Lazyness in language

Question

I understand if I had the statement c = a AND b, if a was false then the compiler wouldnt bother evaluating b, it would know the result because a is already false.

However, what if I had a function which was recursive and ANDing together the recursive calls.

So myfunc input1 input2 = and[myfunc(input1),myfunc(input2)]

if a function return from any point in the above recursive function-calling tree returned false, would the recursive function calls terminate and the value false would just be evaluated at the original calling point?

In other words, would it use lazy evaluation above?

Answer 1

Yes. In fact, one implementation of and is recursive (and doesn't have any strictness added):

and :: [Bool] -> Bool
and []     =  True
and (x:xs) =  x && and xs

To show that this works, you can pass an infinite list of Falses to and, and see that it returns

Prelude> and (repeat False)
False

Note, however, this does not work with an infinite list of Trues, because it will forever look for a False, but never find one.

Answer 2

if a function return from any point in the above recursive function-calling tree returned false, would the recursive function calls terminate and the value false would just be evaluated at the original calling point?

You can write recursive calls that rely upon that behaviour. For example, the following exists function in OCaml returns true if the result of applying the given predicate function p to each element in the list returns true for any element:

let rec exists p = function
  | [] -> false
  | x::xs -> p x || exists p xs

Thanks to short-circuit evaluation this will stop iterating over the list as soon as p returns true for the first time.

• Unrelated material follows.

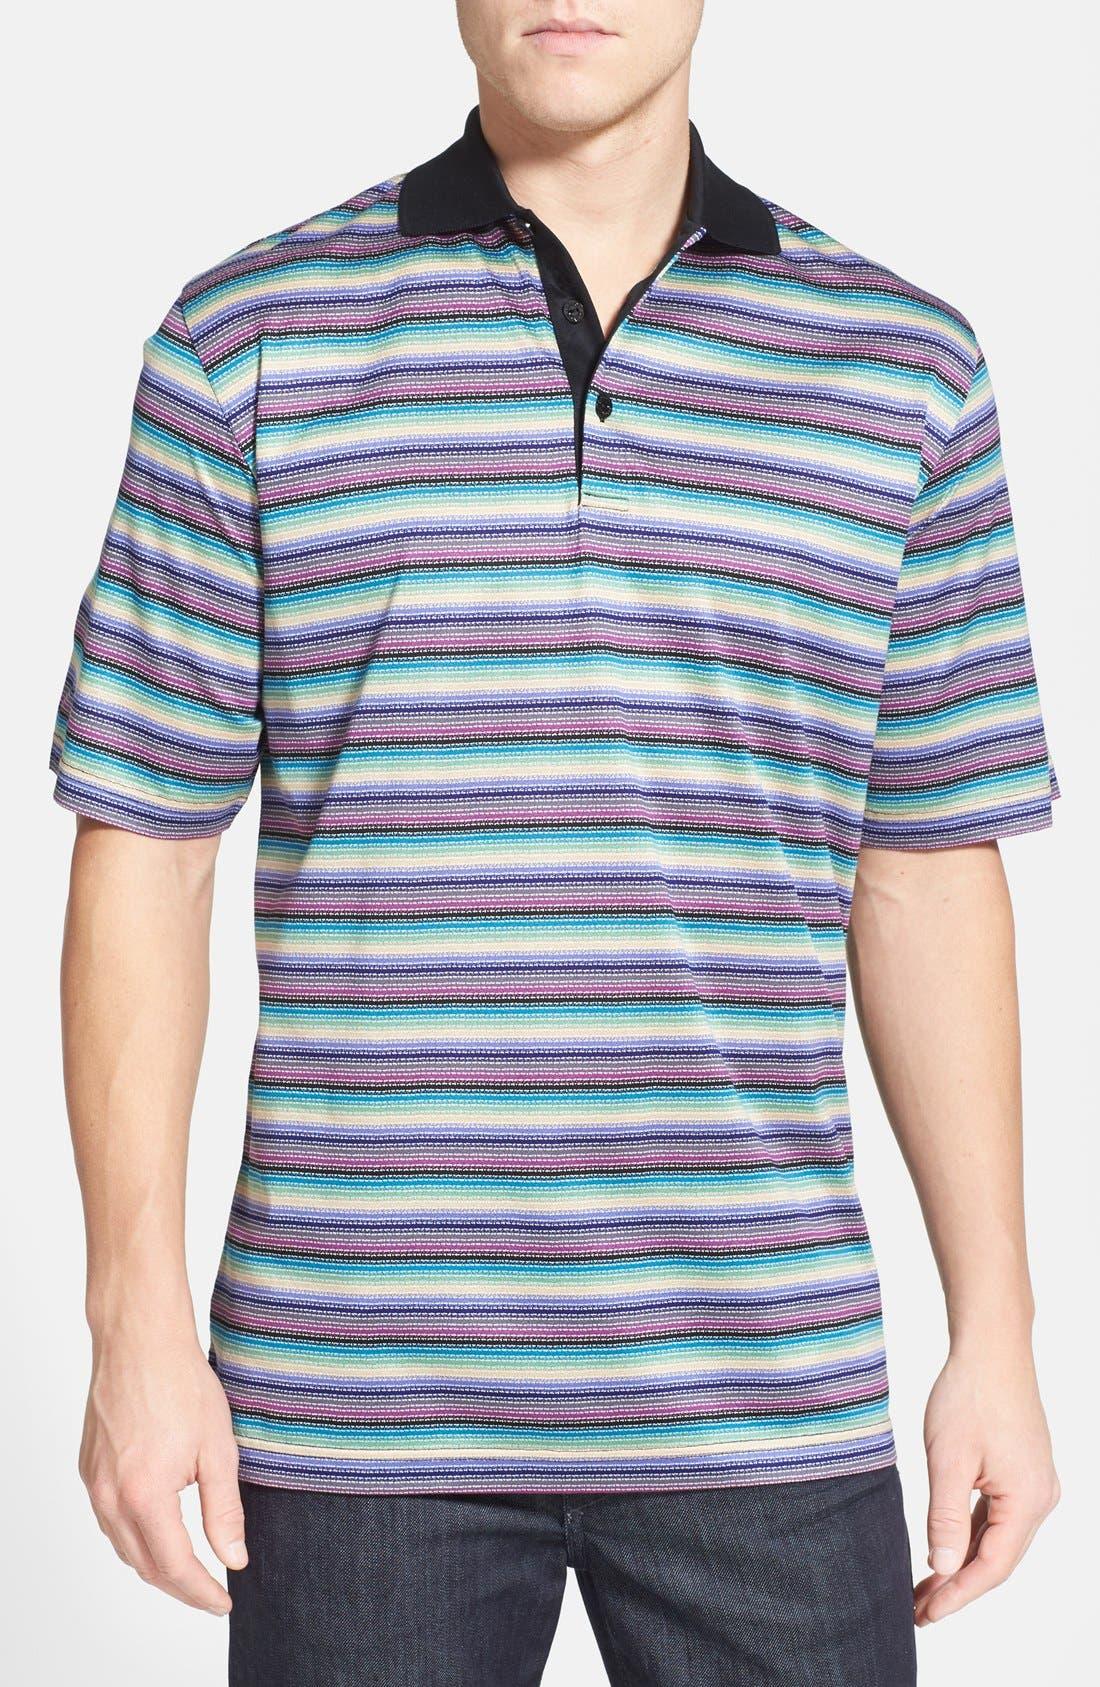 Alternate Image 1 Selected - Bugatchi Stripe Mercerized Cotton Polo

In other words, would it use lazy evaluation above?

Note that this is short-circuit evaluation and not laziness.

Answer 3

The answer, in short, is that yes, Haskell will be lazy in recursive functions.

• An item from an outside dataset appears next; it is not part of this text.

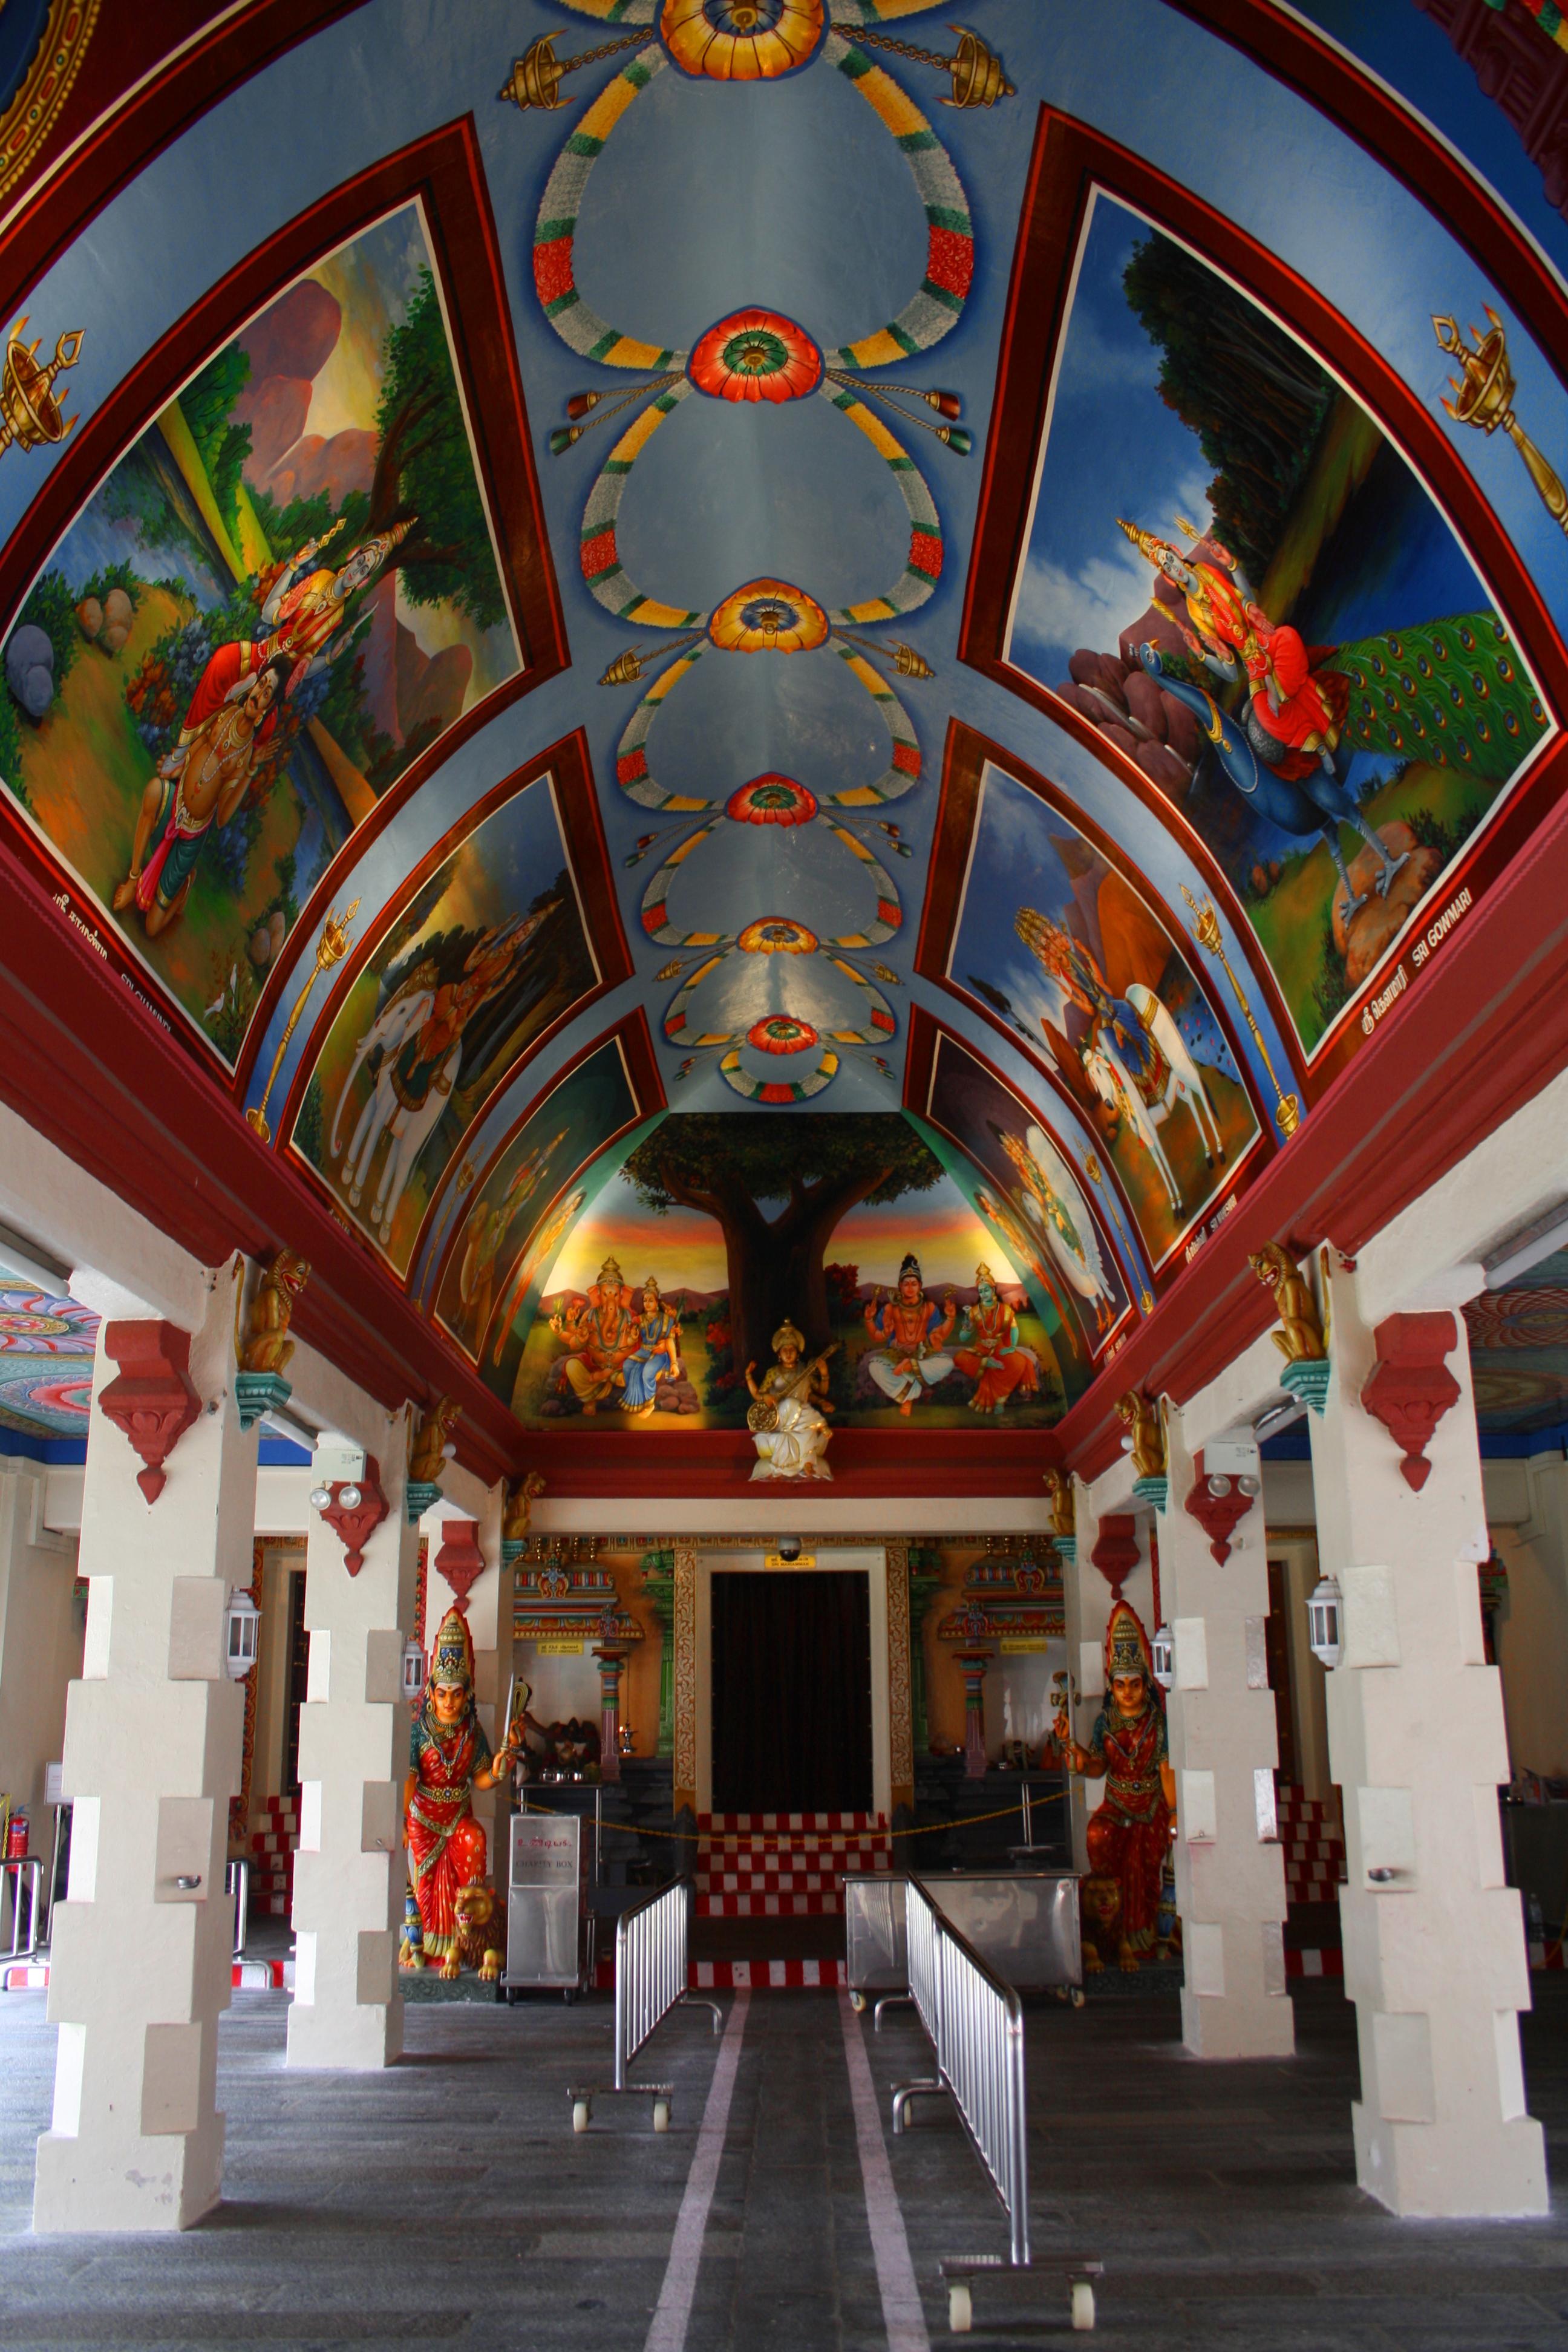 File:A view inside a Sri Mariamman Temple, Hindu ...

The laziness of && isn't a special case: it's a consequence of its definition:

(&&) :: Bool -> Bool -> Bool
True  && y = y
False && _ = False

Here, Haskell's laziness means that it can match on the first argument to &&, and the second argument needn't be evaluated to know the outcome.

For a recursive function like and we have the definition:

and :: [Bool] -> Bool
and []     = True
and (b:bs) = b && and bs

This is a recursive definition, Haskell is lazy in that the values of b and bs in a non-empty list will only be evaluated if needed: in this case, the definition of && forces us to look at the first element b, and if it is False then the rest of bs doesn't have to be evaluated.

The lesson here is that laziness is something that Haskell provides by virtue of its pattern matching: when enough input is consumed to match a pattern, then the rest can be left unevaluated until it is demanded.

Answer 4

I'm new to Haskell, but yes, it would evaluate the entire tree of recursive calls on the left side of and, and only if they finally returned true would it move on to evaluate the recursive calls on the right.

Actually, it wouldn't evaluate either of those until you ended up using the result of my_func in something like a print, but the above stands if you've already forced evaluation of my_func.

Think of it as passing a promise to do work around for everything it does. So the result of a call to my_func isn't the result, it's a promise to find out. It probably hasn't even thought about what that promise means until it has to. Only then does it go in and figure out what it has to call.

I might be off, but that's how I understand it.